EXERCISE BRIEF:
Look below for the line holding "Exige vocero de" and the line holding "Titel: Ältere Menschen". Repeat those two and everything between, exactly.

━━ PROVIDED INFORMATION ━━

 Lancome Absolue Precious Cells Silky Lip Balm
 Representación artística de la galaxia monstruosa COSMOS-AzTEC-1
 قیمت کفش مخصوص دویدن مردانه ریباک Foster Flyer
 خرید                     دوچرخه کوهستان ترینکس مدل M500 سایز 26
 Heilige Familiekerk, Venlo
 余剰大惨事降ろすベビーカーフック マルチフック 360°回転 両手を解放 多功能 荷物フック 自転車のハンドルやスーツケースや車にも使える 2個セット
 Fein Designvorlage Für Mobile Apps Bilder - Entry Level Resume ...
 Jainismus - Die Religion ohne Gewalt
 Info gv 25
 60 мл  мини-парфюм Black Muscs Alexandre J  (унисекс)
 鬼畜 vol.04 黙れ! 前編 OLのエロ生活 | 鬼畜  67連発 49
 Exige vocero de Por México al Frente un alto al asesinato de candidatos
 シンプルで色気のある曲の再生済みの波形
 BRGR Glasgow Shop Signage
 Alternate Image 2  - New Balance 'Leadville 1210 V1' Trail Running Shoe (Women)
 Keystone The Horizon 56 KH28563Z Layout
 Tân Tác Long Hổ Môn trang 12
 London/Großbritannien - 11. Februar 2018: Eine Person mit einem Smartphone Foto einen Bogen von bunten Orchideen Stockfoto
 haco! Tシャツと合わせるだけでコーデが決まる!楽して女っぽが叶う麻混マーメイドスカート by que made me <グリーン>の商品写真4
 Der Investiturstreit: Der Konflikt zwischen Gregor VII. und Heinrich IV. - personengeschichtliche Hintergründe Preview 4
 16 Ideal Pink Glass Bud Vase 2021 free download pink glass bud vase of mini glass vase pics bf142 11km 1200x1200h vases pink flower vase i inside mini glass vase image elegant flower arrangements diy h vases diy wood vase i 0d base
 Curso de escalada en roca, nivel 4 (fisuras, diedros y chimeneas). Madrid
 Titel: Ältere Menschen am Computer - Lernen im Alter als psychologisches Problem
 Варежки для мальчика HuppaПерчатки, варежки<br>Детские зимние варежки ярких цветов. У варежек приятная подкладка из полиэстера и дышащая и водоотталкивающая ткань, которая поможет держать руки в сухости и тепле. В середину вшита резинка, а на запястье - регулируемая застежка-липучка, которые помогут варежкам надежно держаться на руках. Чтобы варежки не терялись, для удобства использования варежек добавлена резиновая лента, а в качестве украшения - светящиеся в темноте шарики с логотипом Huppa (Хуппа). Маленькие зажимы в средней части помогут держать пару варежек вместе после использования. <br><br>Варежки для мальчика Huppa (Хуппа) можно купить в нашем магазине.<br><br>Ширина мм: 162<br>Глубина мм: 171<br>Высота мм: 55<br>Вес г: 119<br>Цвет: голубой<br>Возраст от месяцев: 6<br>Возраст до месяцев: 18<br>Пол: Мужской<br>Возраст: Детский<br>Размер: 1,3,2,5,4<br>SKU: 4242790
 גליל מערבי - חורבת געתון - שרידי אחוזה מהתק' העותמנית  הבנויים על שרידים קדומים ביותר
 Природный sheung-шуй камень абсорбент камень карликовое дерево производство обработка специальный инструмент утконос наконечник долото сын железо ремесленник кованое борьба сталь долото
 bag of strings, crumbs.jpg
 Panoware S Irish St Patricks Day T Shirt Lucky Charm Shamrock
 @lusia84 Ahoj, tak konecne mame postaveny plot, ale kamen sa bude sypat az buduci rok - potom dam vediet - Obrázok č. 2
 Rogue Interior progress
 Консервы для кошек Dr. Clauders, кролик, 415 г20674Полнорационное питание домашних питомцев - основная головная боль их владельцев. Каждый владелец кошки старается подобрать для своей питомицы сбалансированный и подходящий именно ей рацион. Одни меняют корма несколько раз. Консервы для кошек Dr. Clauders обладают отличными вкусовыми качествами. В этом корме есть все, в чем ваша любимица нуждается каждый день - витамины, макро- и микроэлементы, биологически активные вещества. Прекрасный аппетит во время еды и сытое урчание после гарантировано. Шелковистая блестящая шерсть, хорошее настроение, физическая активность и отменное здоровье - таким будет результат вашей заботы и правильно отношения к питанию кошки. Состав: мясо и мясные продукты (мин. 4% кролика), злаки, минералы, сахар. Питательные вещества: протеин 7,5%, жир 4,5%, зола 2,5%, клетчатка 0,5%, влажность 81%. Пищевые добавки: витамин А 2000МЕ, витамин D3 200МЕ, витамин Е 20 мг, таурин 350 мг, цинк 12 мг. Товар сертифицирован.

━━━

SOLUTION TO THIS EXERCISE:
 Exige vocero de Por México al Frente un alto al asesinato de candidatos
 シンプルで色気のある曲の再生済みの波形
 BRGR Glasgow Shop Signage
 Alternate Image 2  - New Balance 'Leadville 1210 V1' Trail Running Shoe (Women)
 Keystone The Horizon 56 KH28563Z Layout
 Tân Tác Long Hổ Môn trang 12
 London/Großbritannien - 11. Februar 2018: Eine Person mit einem Smartphone Foto einen Bogen von bunten Orchideen Stockfoto
 haco! Tシャツと合わせるだけでコーデが決まる!楽して女っぽが叶う麻混マーメイドスカート by que made me <グリーン>の商品写真4
 Der Investiturstreit: Der Konflikt zwischen Gregor VII. und Heinrich IV. - personengeschichtliche Hintergründe Preview 4
 16 Ideal Pink Glass Bud Vase 2021 free download pink glass bud vase of mini glass vase pics bf142 11km 1200x1200h vases pink flower vase i inside mini glass vase image elegant flower arrangements diy h vases diy wood vase i 0d base
 Curso de escalada en roca, nivel 4 (fisuras, diedros y chimeneas). Madrid
 Titel: Ältere Menschen am Computer - Lernen im Alter als psychologisches Problem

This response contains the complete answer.